Without net neutrality there will be no internet.

what if we had a site where we sign up for an issue. This site would be a flood site. If a bill or amendment was being rushed through congress the site would flood congress with all the written opinion. Therefore we would not have to monitor or be somewhere else and not get the message this is happening, could represent you?

I worked in the Tel-com Industry for over a decade. And one thing I would expect everyone to know is that they have no interest in community Service, or The safeguard of Democracy. Like most Corporate
Giants they are only interested in sqashing competition, and making the highest profit possibly. The FCC is biased towards Big Money or Corporate Power, take your pick. These are the folks that are placed there to protect the citizens from the Monopoly's. That want to Control internet spead and content. Get active or loose what you take for granted.

SavetheInternet.com has links to information about the senators & congressmen in all the districts so that people can contact them urging them to support Net Neutrality.

In response to Zuzu's question, the telcos should be expected to pay for the broadband upgrades for which they were given the tax credits 10 years ago. Unlimited profits over the last decade have enabled AT&T (my ISP) to purchase Bell South for $17 billion - that's a substantial amount of money that should have been spent on giving me my improved service, not reinstating its former status as Ma Bell.

This is a class issue as well. Worldwide the haves and have nots will be further tiered by the continueed monopolization of media.

And if you think that control, both commercial and political isn't an issue consider this:In April, Time Warner's AOL blocked all emails that mentioned www.dearaol.com — an advocacy campaign opposing the company's pay-to-send e-mail scheme. How did I know that? Yes, free access to information and organizations on the Internet.
Moyers and company did it again, letting us know the danger that lurks.
Now it's in our court. Get out there and call your rep, email friends, have them watch repeats of the show, attend a FCC hearing in your area if possible. And watch out for that lame duck session.

The FCC (and the FDA for that matter) and questionable government tactics..... So many lobbyists and so many lawyers getting rich from the many "big bullys". There needs to be a change to get things moving. Just wish I had the answer.


what if we had a site where we sign up for an issue. This site would be a flood site. If a bill or amendment was being rushed through congress the site would flood congress with all the written opinion.
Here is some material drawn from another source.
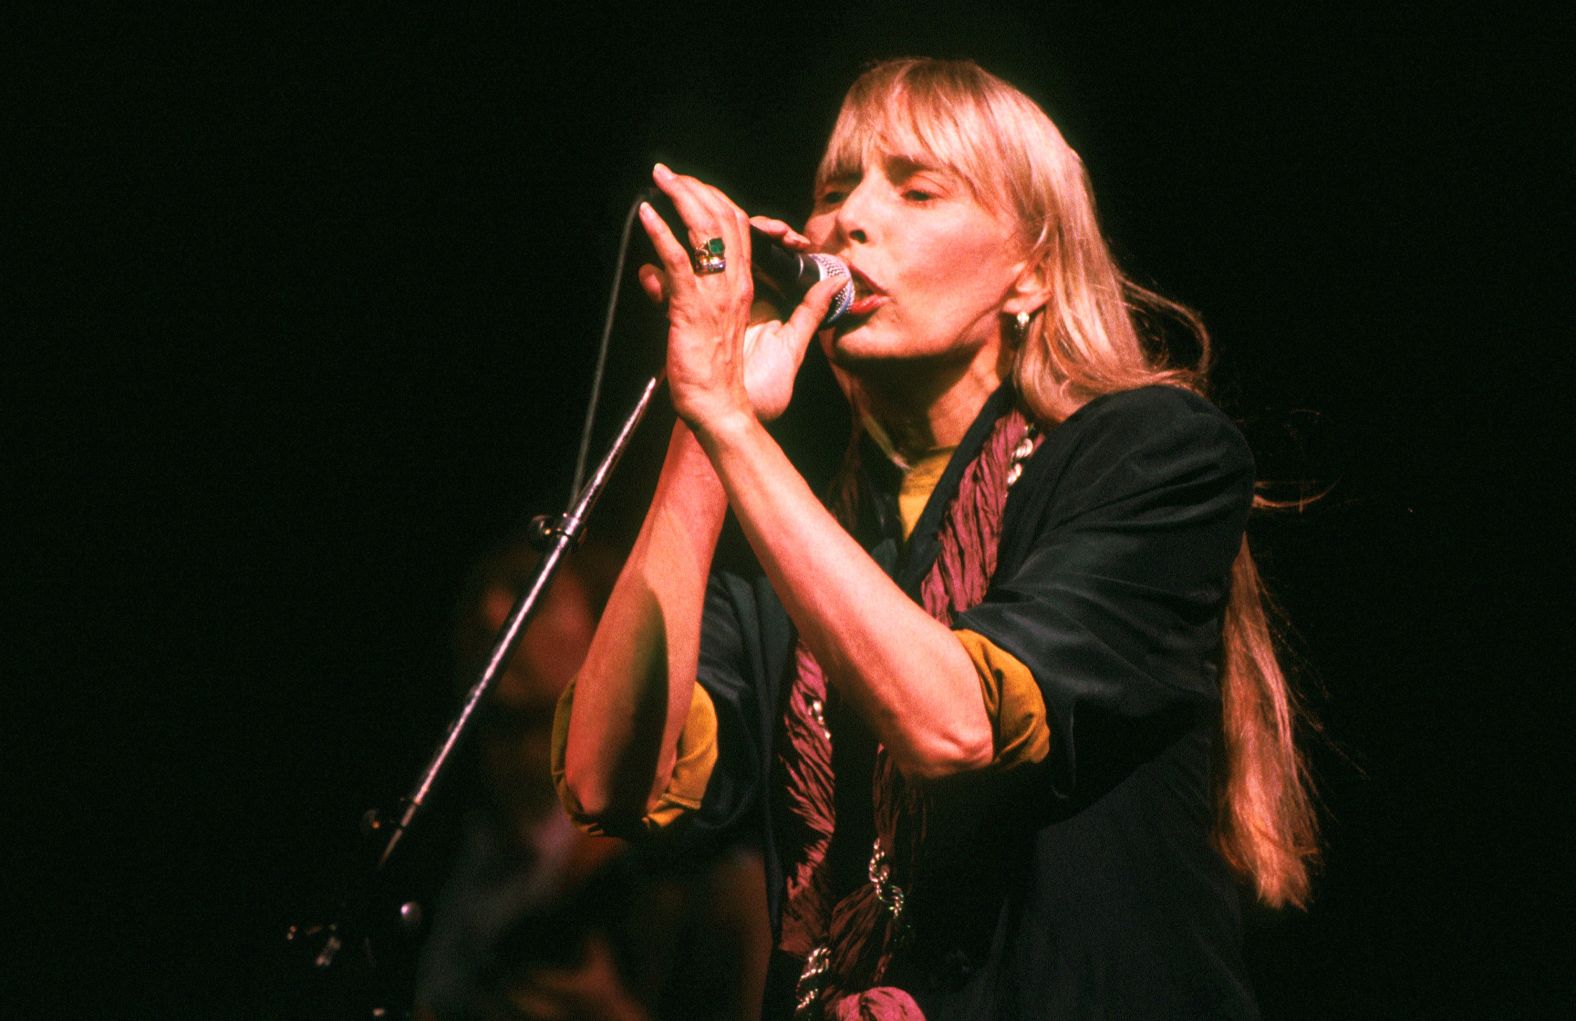 Mitchell performs at The Wall concert in Berlin. The 1990 event was organized by Pink Floyd's Roger Waters at the site where the Berlin Wall was torn down the year before.

Therefore we would not have to monitor or be somewhere else and not get the message this is happening, could represent you?
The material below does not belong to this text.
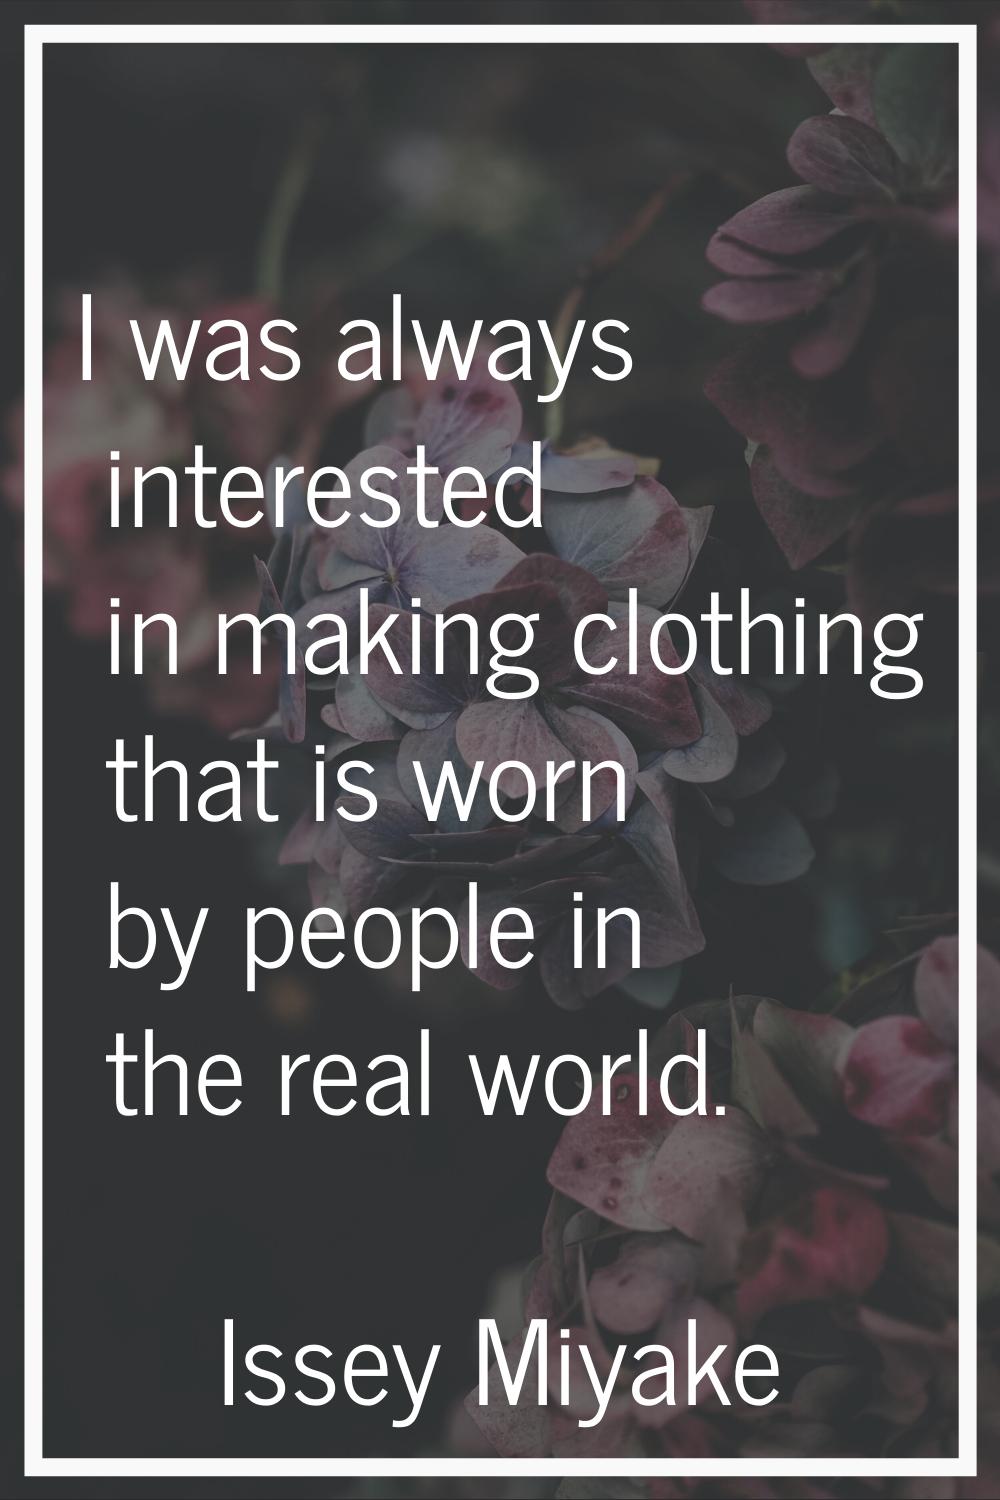 I was always interested in making clothing that is worn by people in the real world.

THERE IS ITS CALLED SAVETHEINTERNET.ORG

Net Neutralily should be the only way the system continues. The principle guiding it should be freedom from the restricitons of big business. The Internet founder saw it as a system where each person would have complete access and no one bigger would deterimine what and when you see it. To allow this to change now is unethical.
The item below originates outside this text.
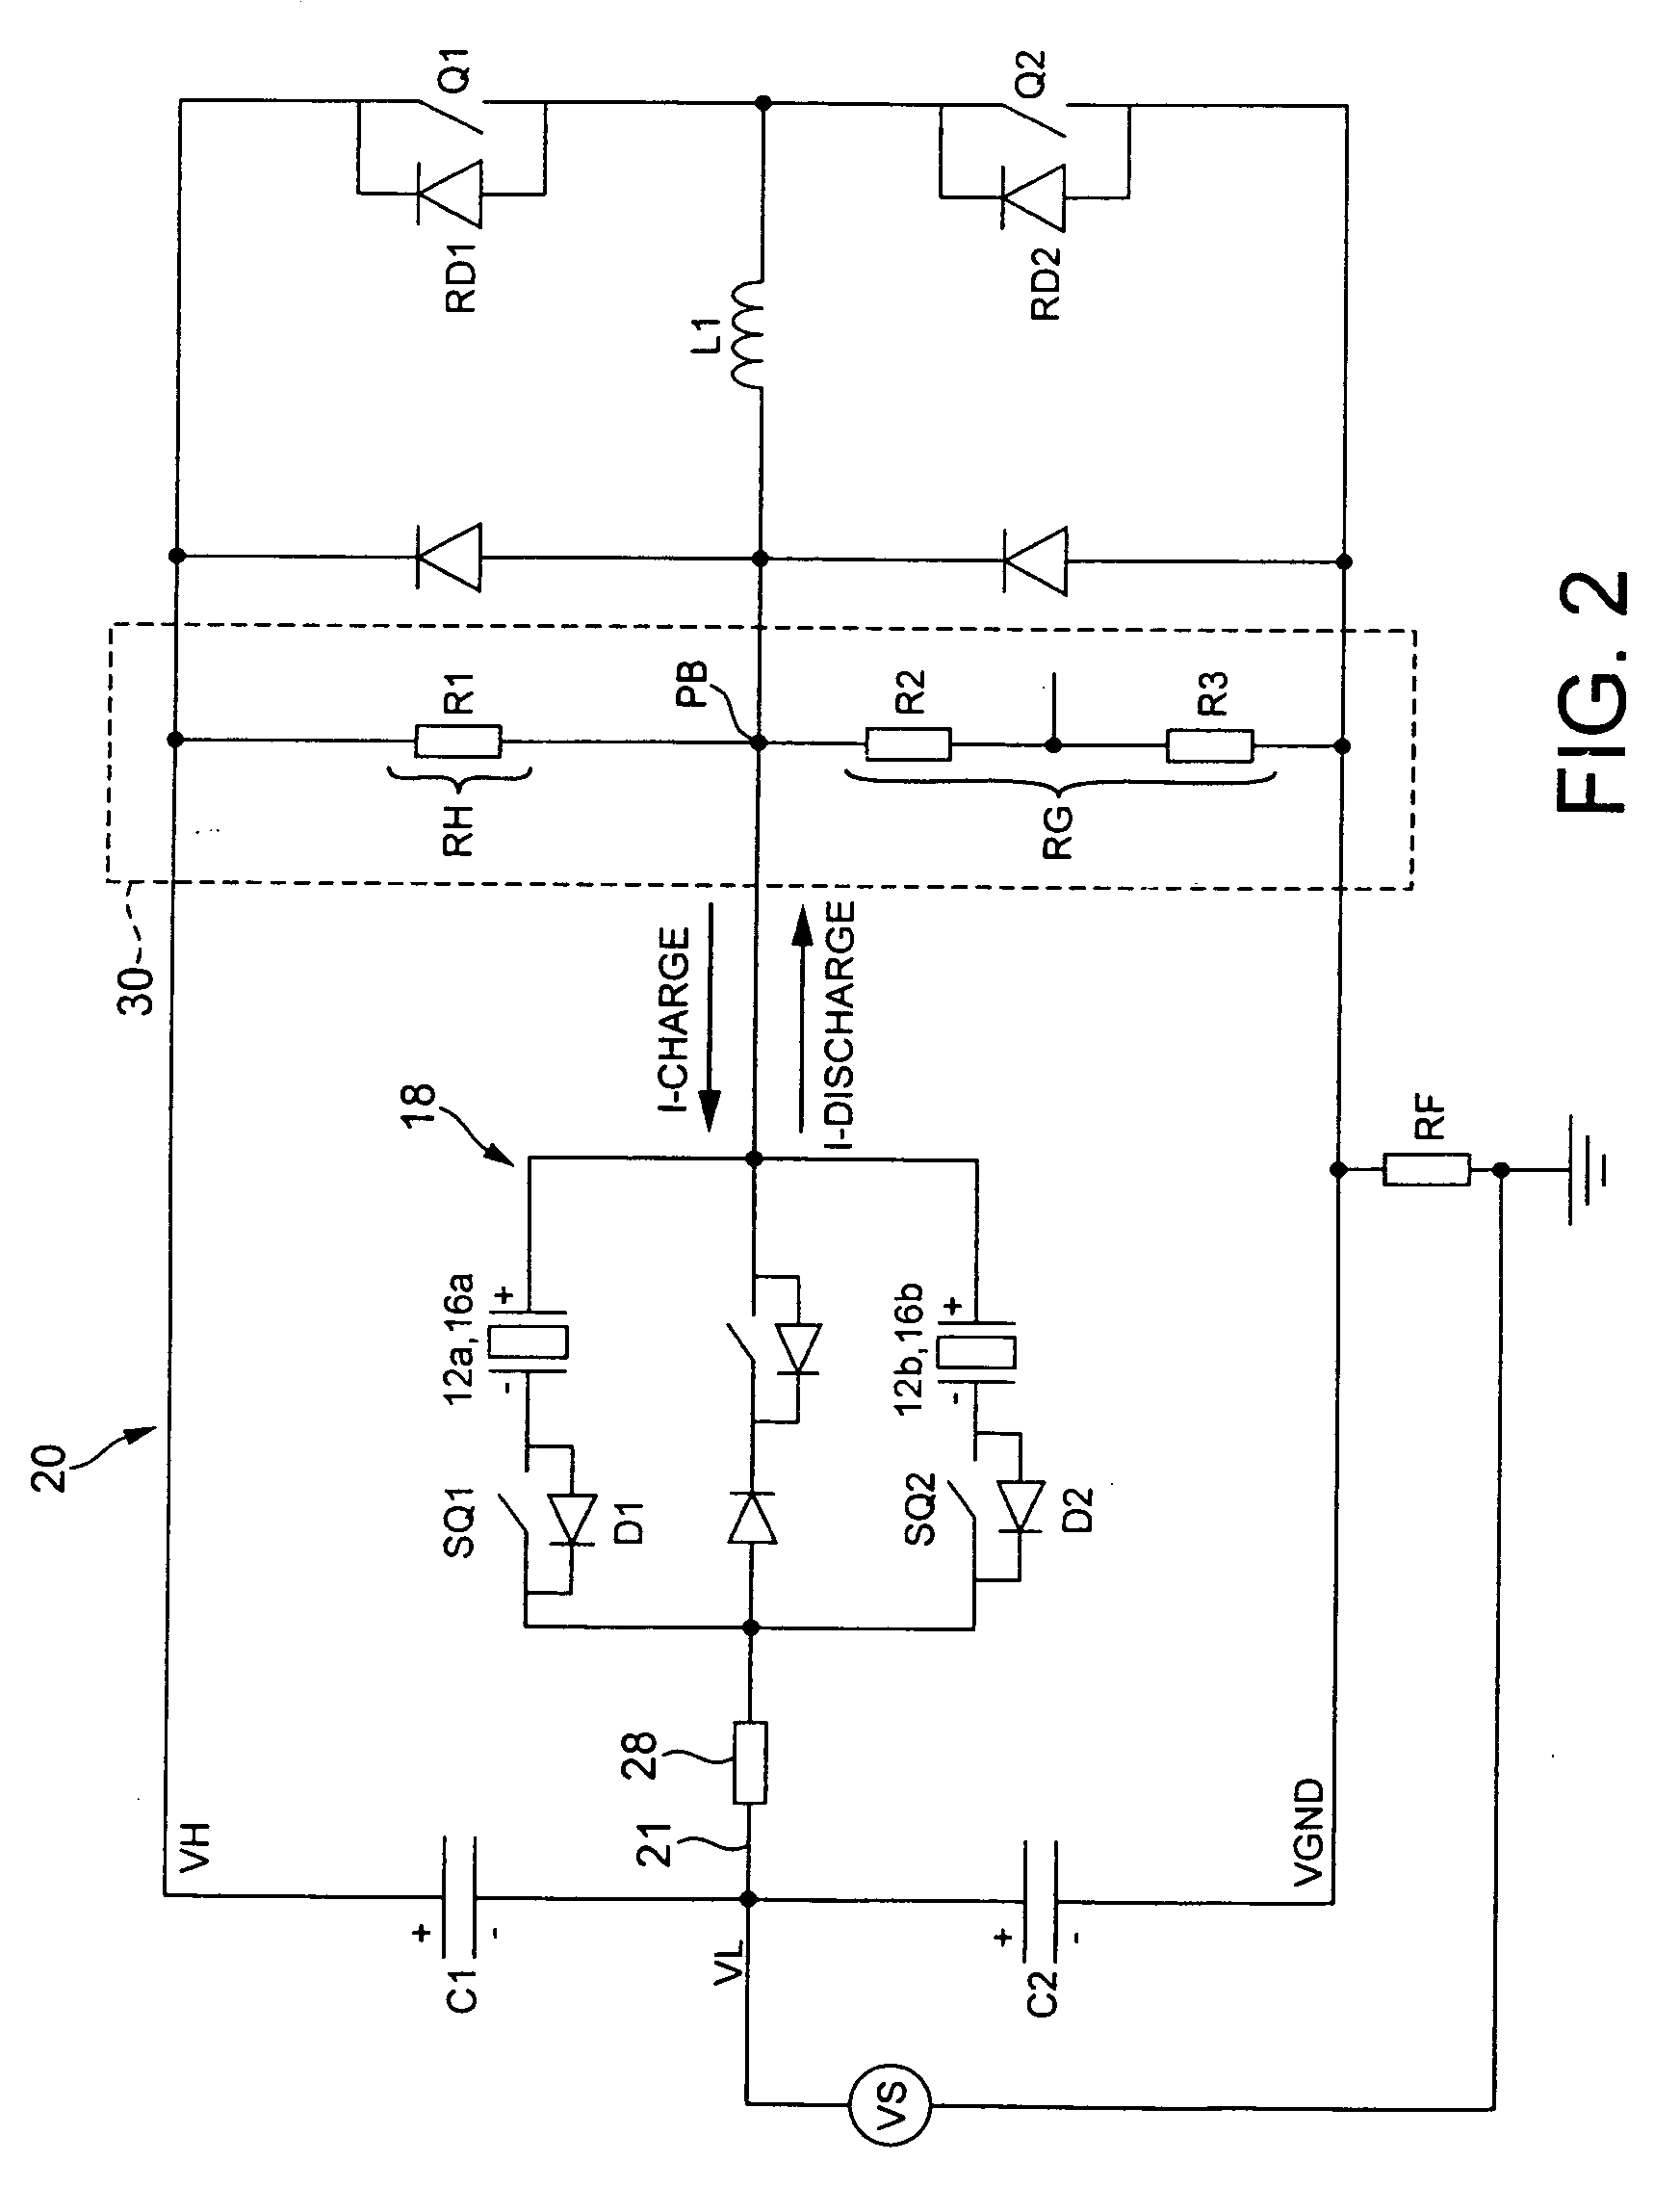 Detection of faults in an injector arrangement

No, no this is my response. It was put under someone else's name:

This is a class issue as well. Worldwide the haves and have nots will be further tiered by the continueed monopolization of media.

And if you think that control, both commercial and political isn't an issue consider this:In April, Time Warner's AOL blocked all emails that mentioned www.dearaol.com — an advocacy campaign opposing the company's pay-to-send e-mail scheme. How did I know that? Yes, free access to information and organizations on the Internet.
Moyers and company did it again, letting us know the danger that lurks.
Now it's in our court. Get out there and call your rep, email friends, have them watch repeats of the show, attend a FCC hearing in your area if possible. And watch out for that lame duck session.